*** Opening Input records ***
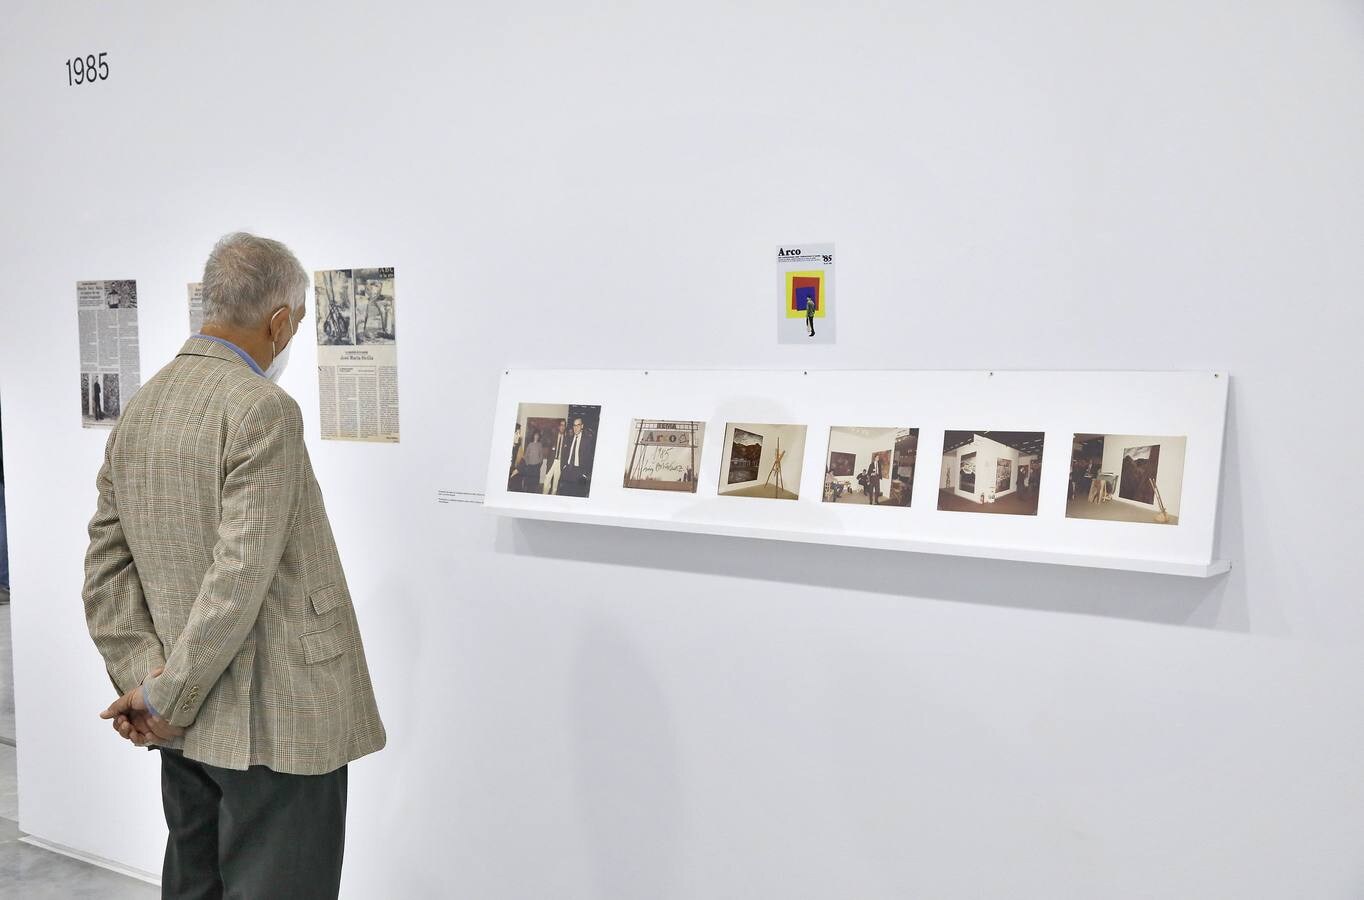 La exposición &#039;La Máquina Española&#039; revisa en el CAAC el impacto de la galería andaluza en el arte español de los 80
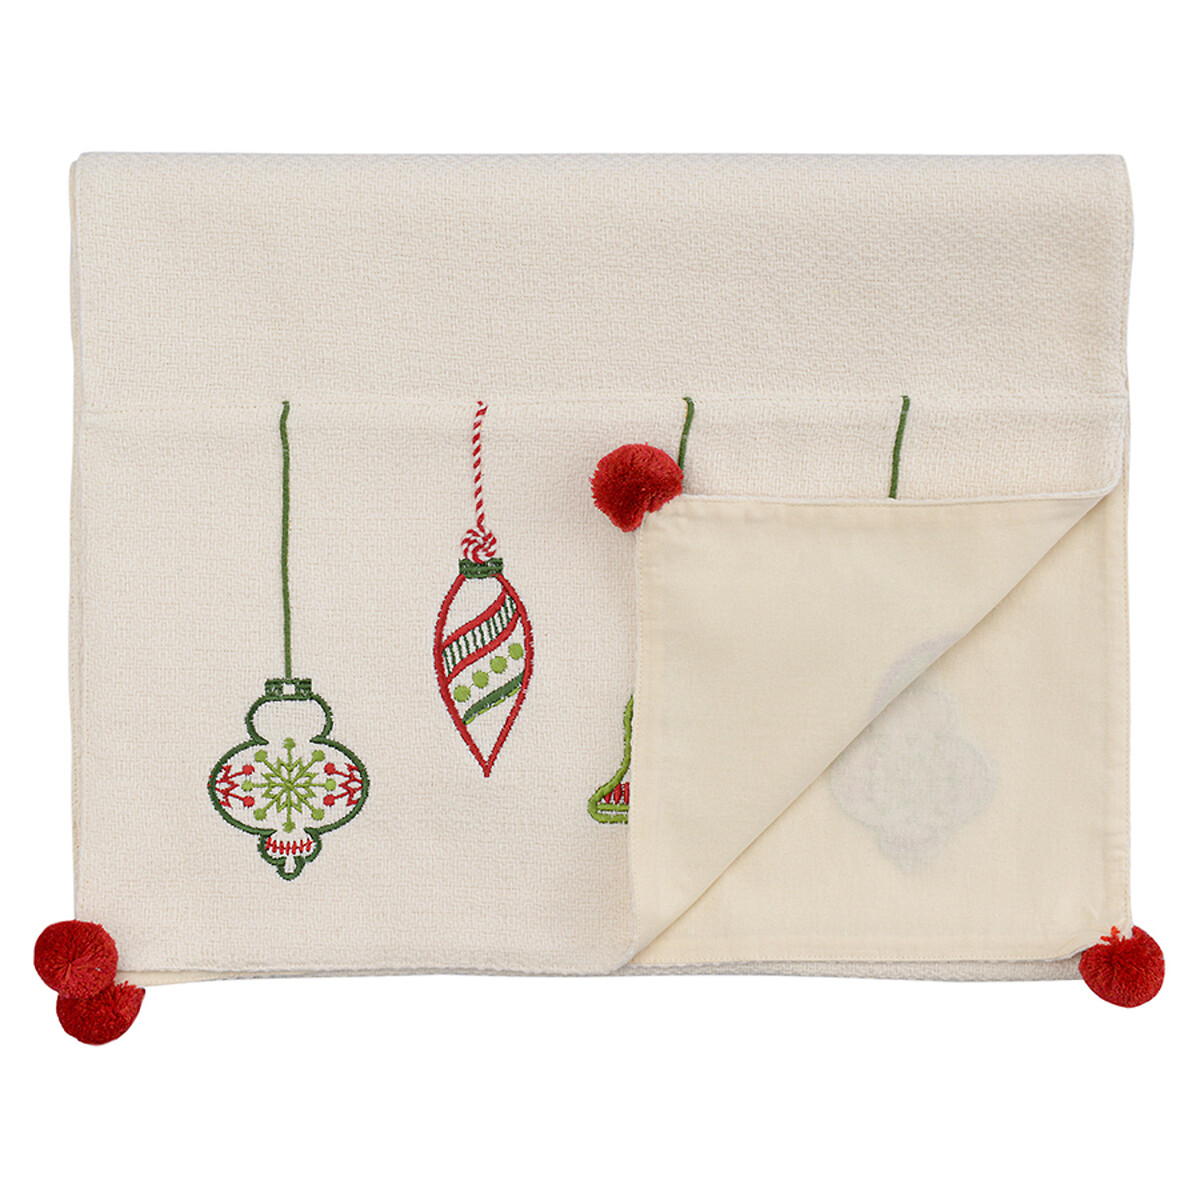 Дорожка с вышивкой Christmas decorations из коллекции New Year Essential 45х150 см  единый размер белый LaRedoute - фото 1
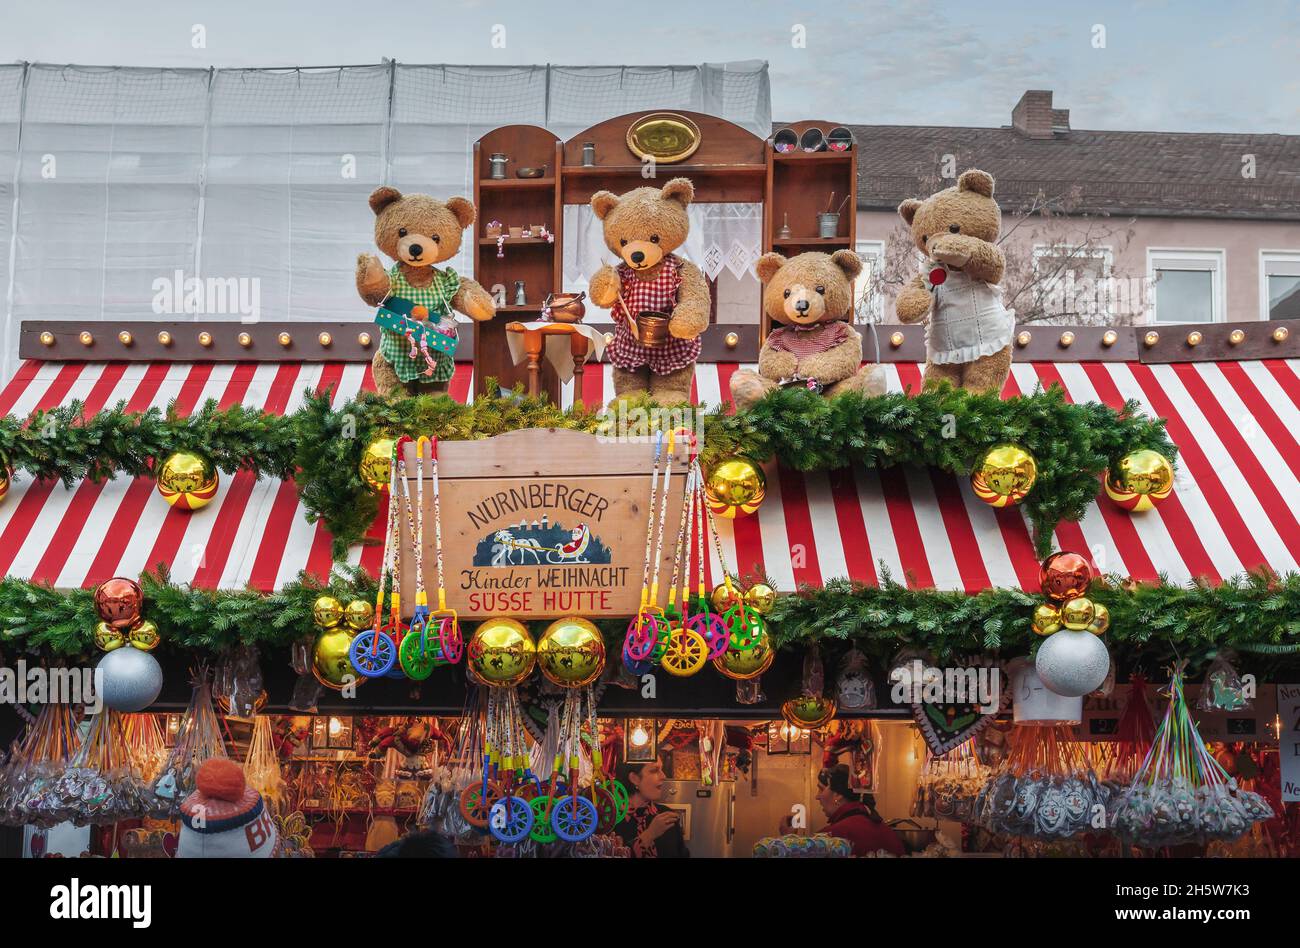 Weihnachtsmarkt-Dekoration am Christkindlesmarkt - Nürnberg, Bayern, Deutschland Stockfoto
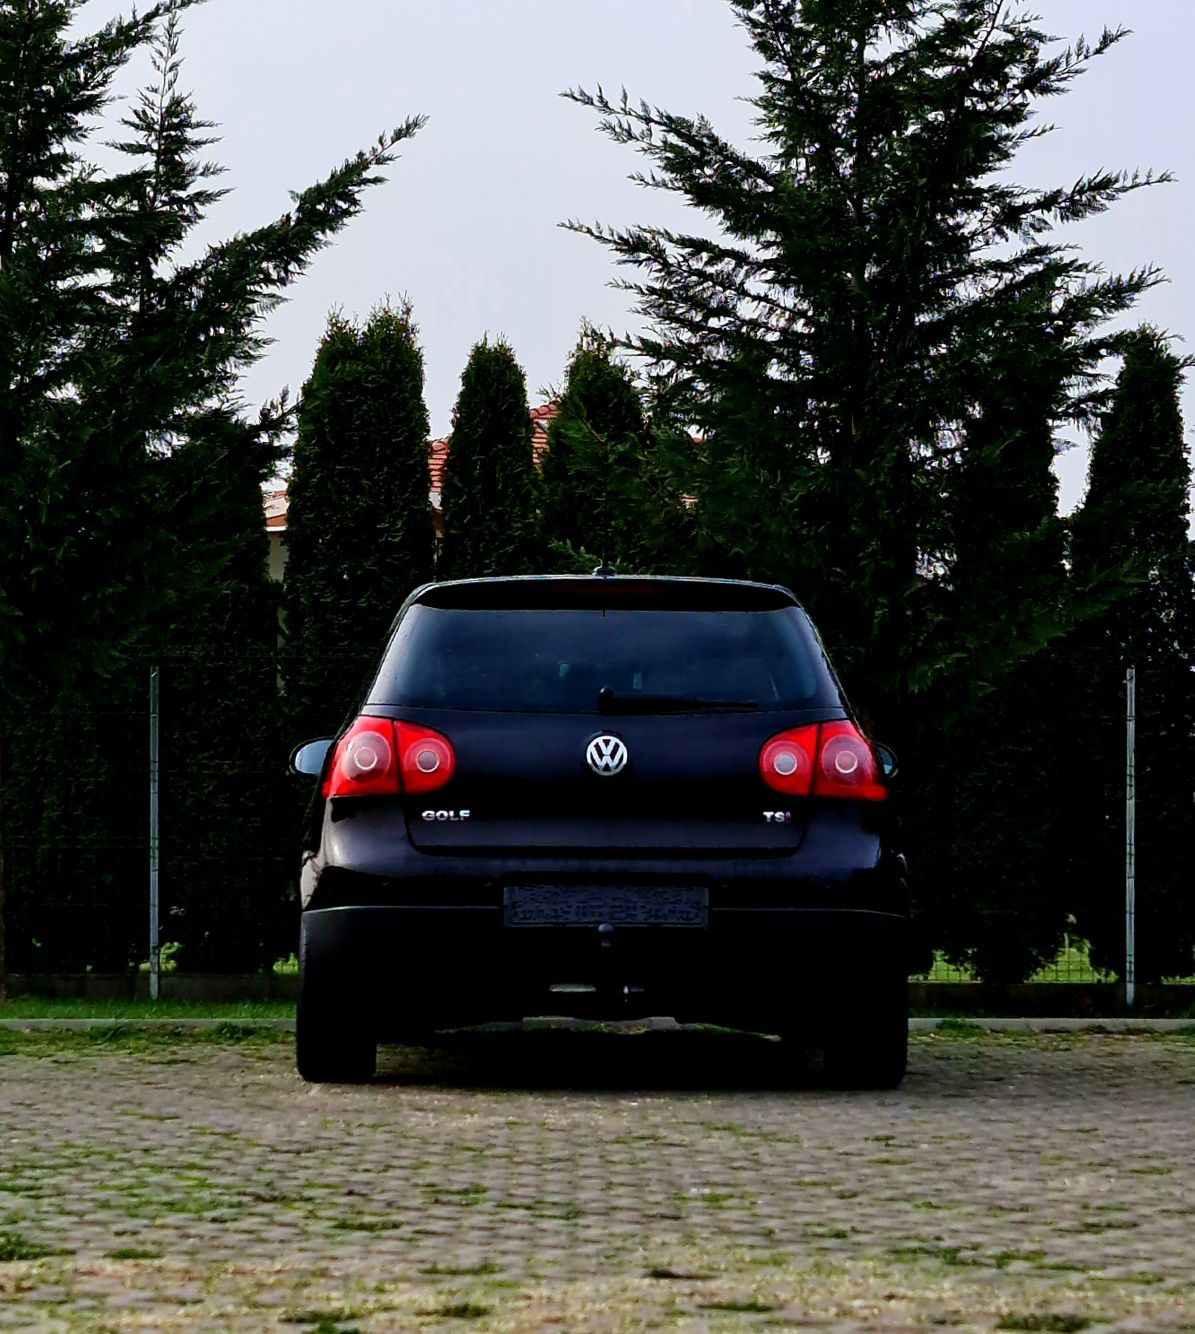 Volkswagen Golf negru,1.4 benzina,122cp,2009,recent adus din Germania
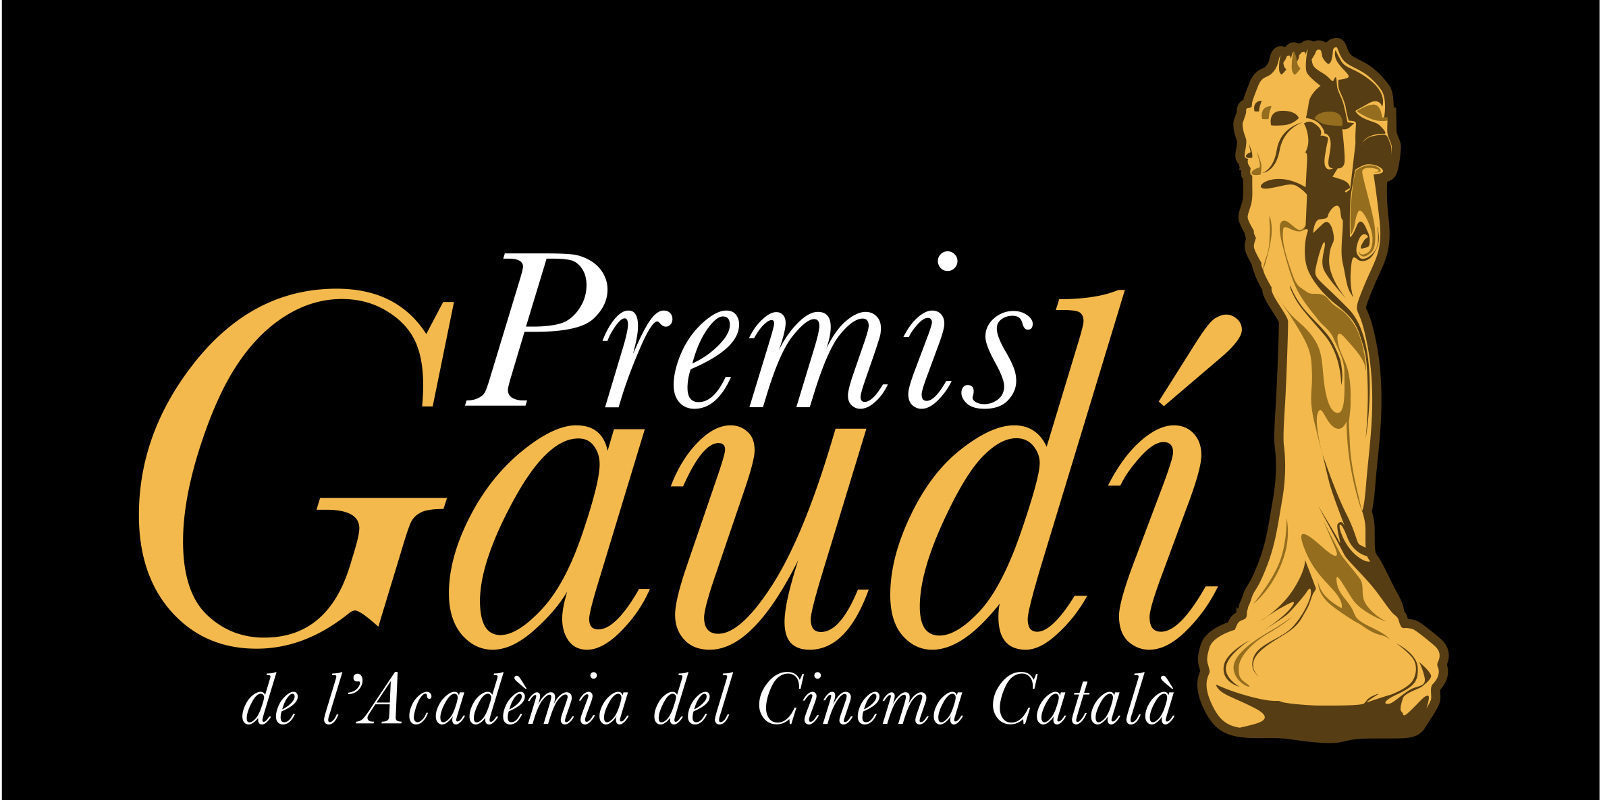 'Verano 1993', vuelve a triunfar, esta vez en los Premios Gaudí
*** Closing Input records ***
What you have to do — Every line between the one containing "Weihnachtsmarkt-Dekoration am Christkindlesmarkt" and the last line of the data above, both included, should be copied exactly, but not the pictures.

Written solution —
 Weihnachtsmarkt-Dekoration am Christkindlesmarkt - Nürnberg, Bayern, Deutschland Stockfoto
 Volkswagen Golf negru,1.4 benzina,122cp,2009,recent adus din Germania
 'Verano 1993', vuelve a triunfar, esta vez en los Premios Gaudí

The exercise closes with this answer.